→ Problem description: From the first line to the last, give the material again exactly, without the images.

→ Stored data:
▬▬▬▬▬▬▬▬▬▬

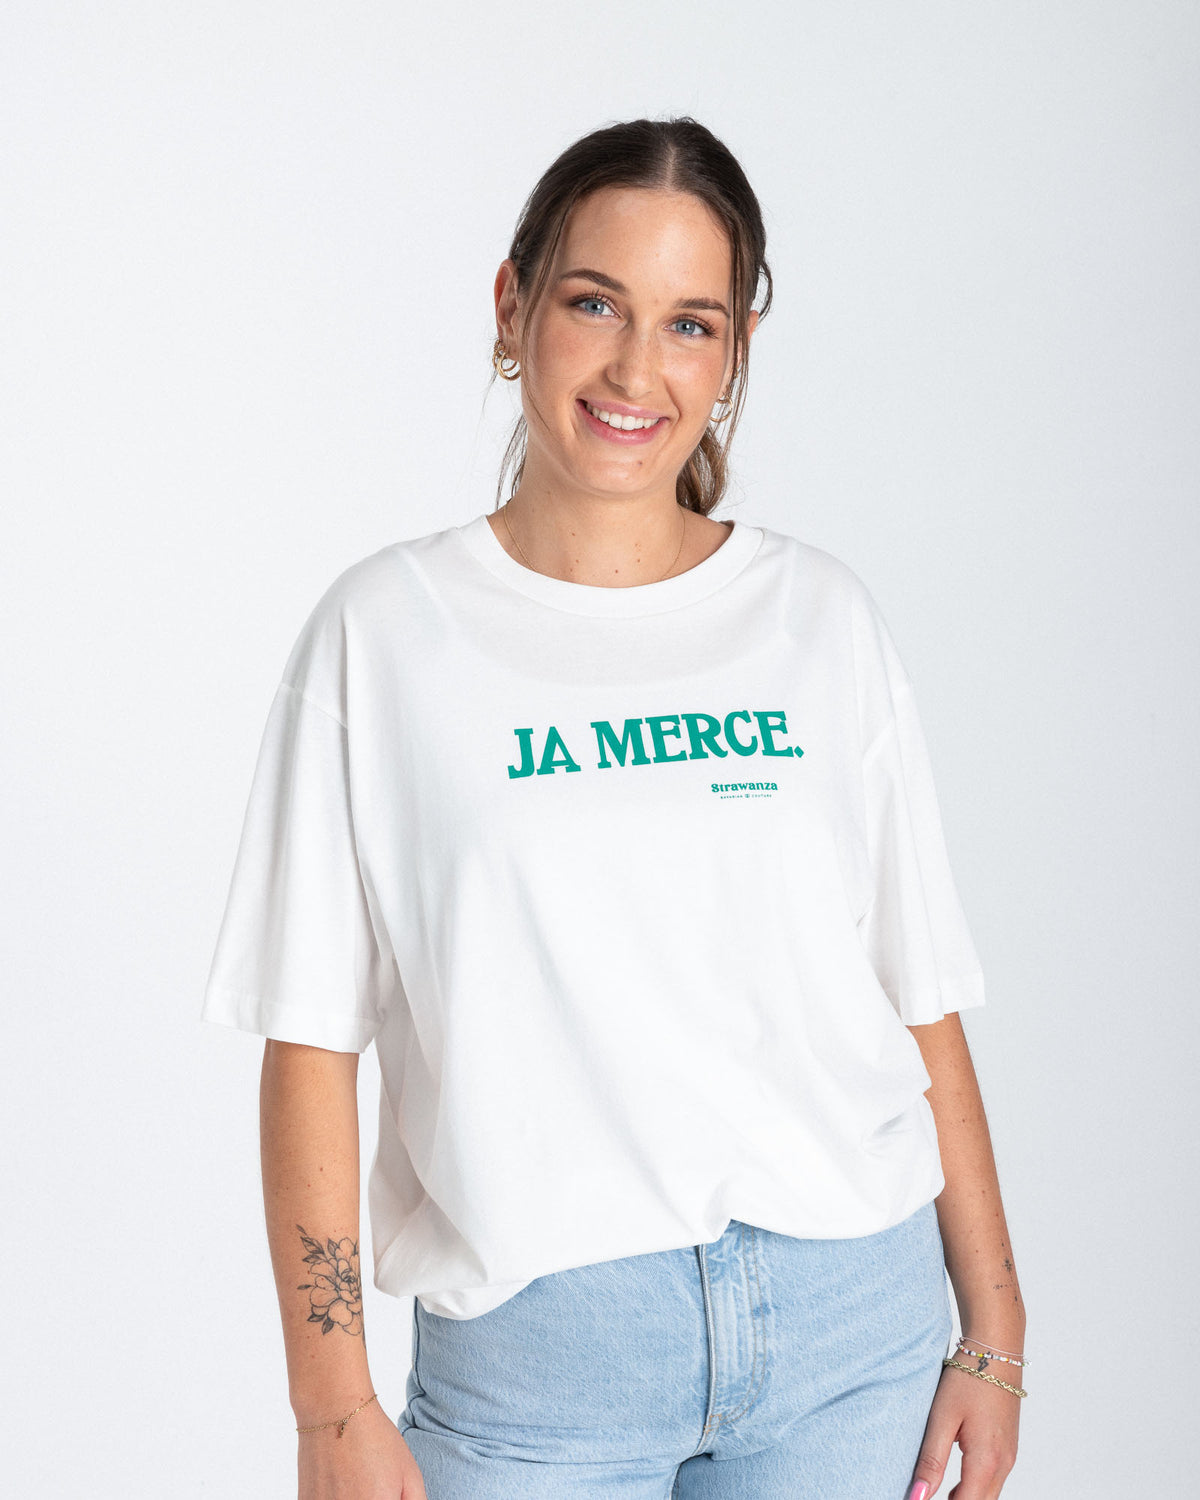 Ein weibliches Model trägt ein weißes T-Shirt mit einem dunkelgrünen, bedruckten "JA MERCE" Schriftzug auf der Höhe der Brust.
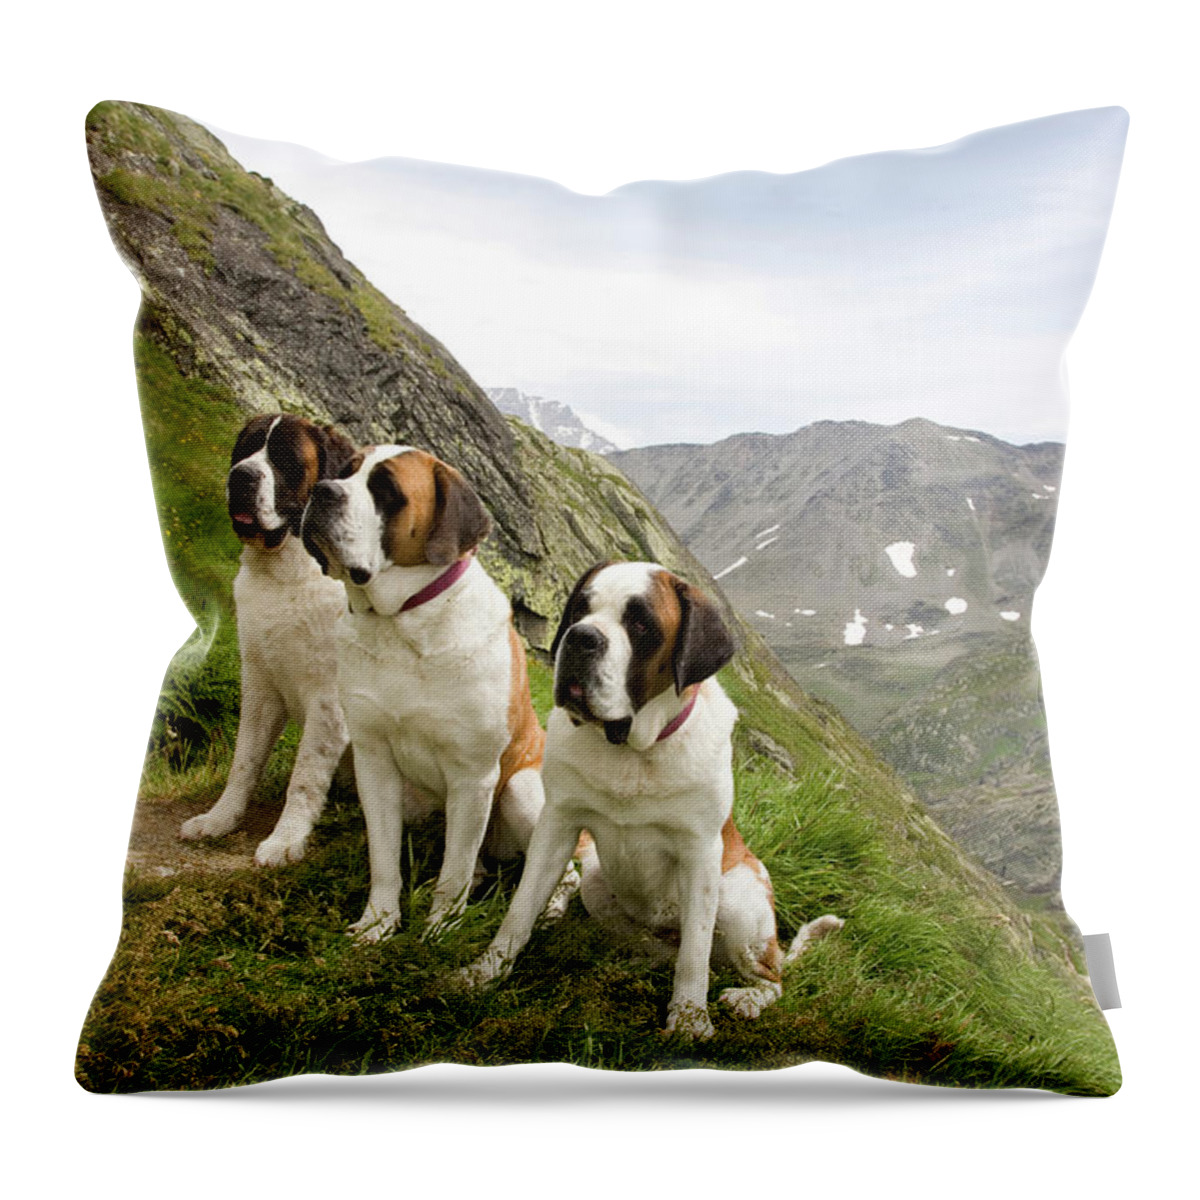 Ip_10237616 Throw Pillow featuring the photograph Two Saint Bernards In Great St. Bernard Pass, Valais, Switzerland #1 by Jalag / Walter Schmitz
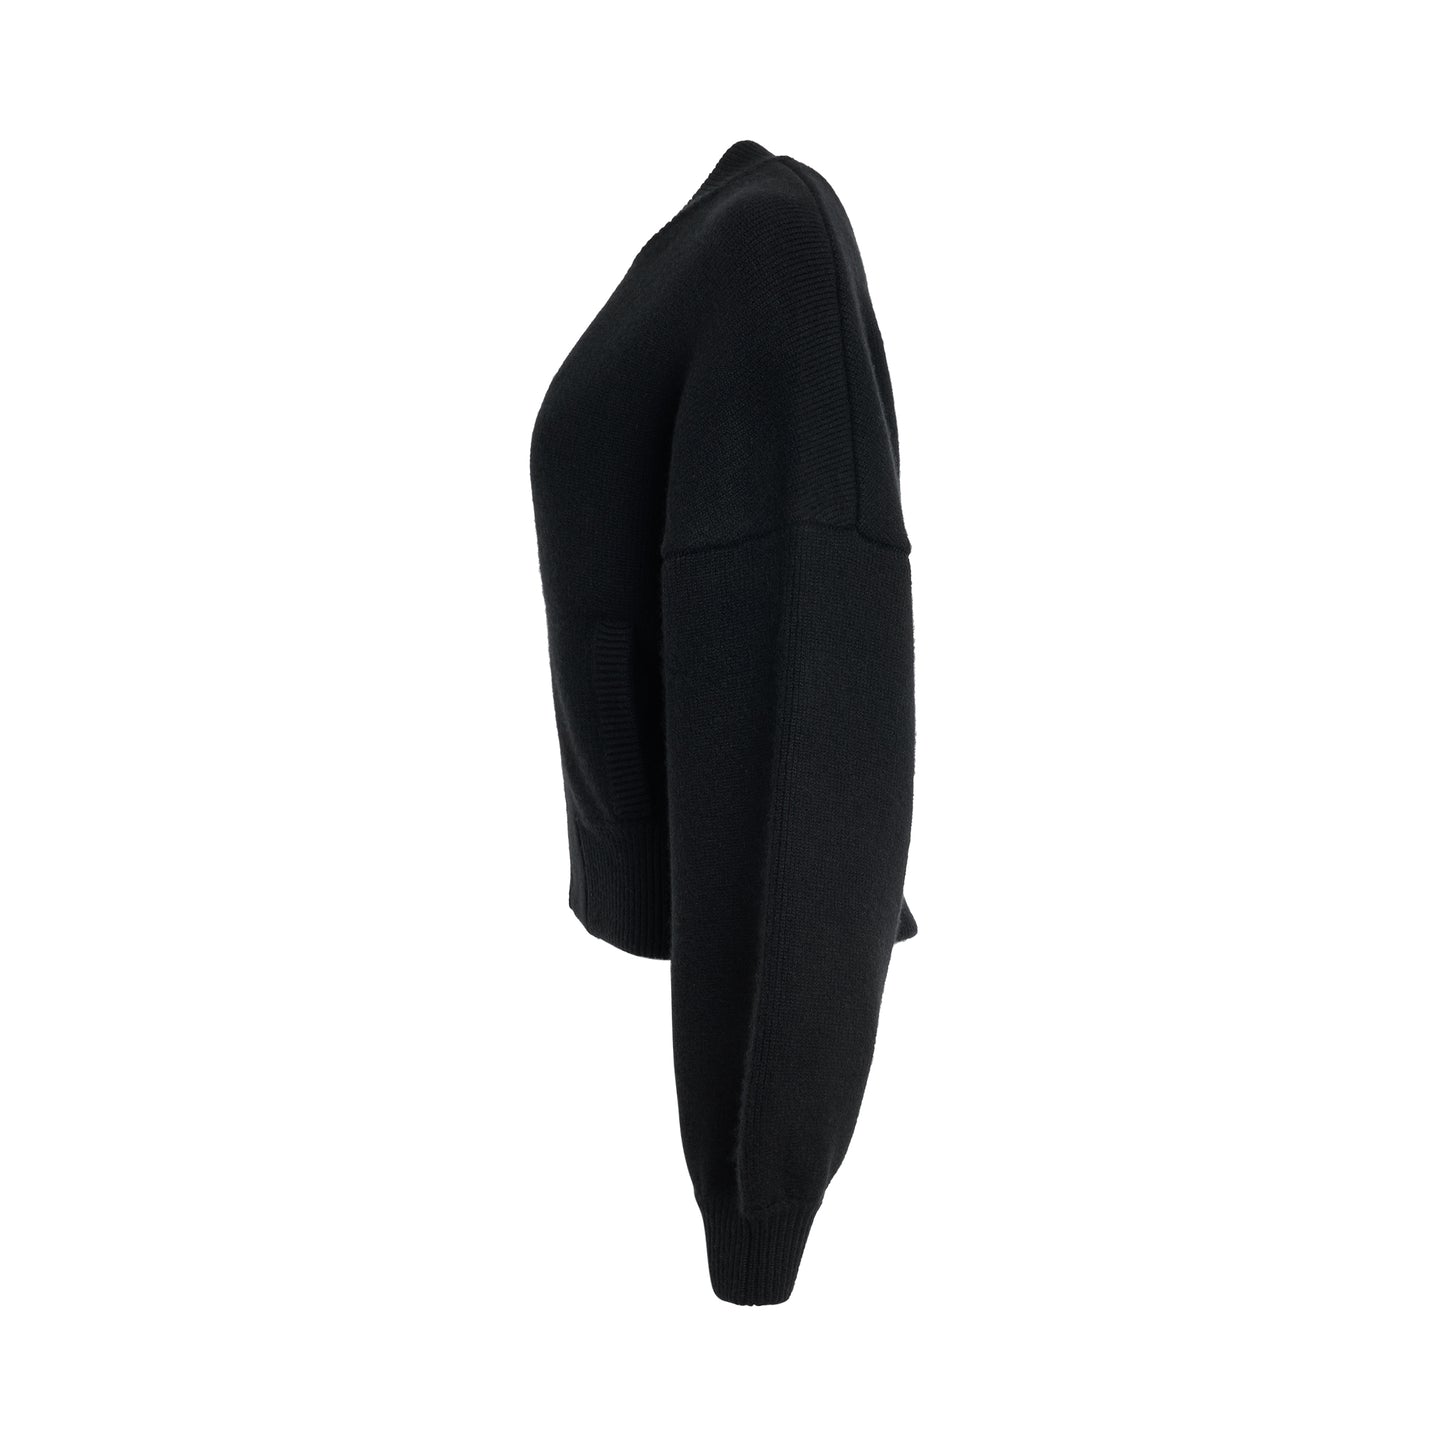 Rhea Jacket in Black
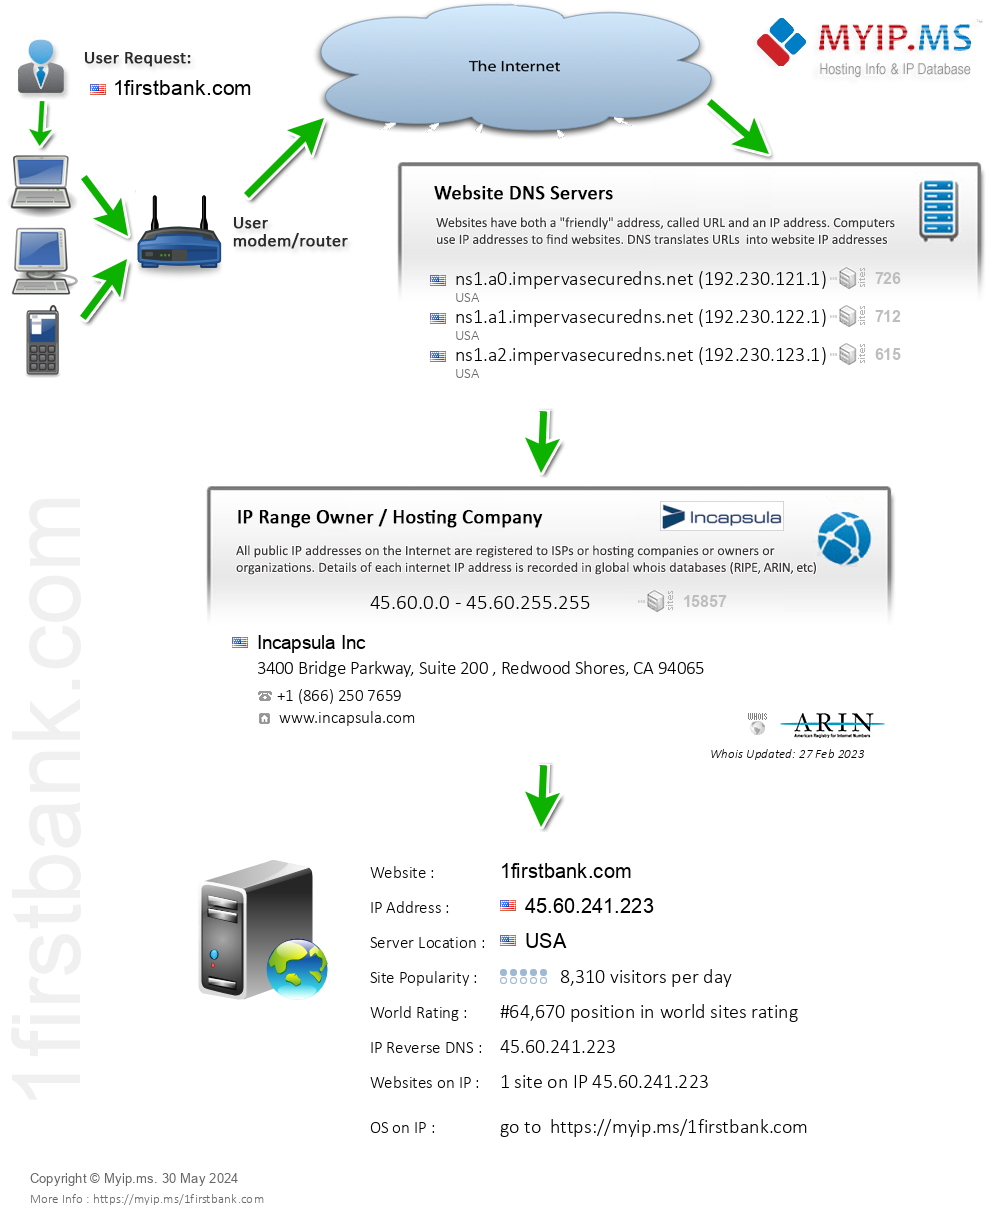 1firstbank.com - Website Hosting Visual IP Diagram

▬▬▬▬▬▬▬▬▬▬

→ Exercise result:
 Ein weibliches Model trägt ein weißes T-Shirt mit einem dunkelgrünen, bedruckten "JA MERCE" Schriftzug auf der Höhe der Brust.
 Ip_10237616 Throw Pillow featuring the photograph Two Saint Bernards In Great St. Bernard Pass, Valais, Switzerland #1 by Jalag / Walter Schmitz
 Rhea Jacket in Black
 1firstbank.com - Website Hosting Visual IP Diagram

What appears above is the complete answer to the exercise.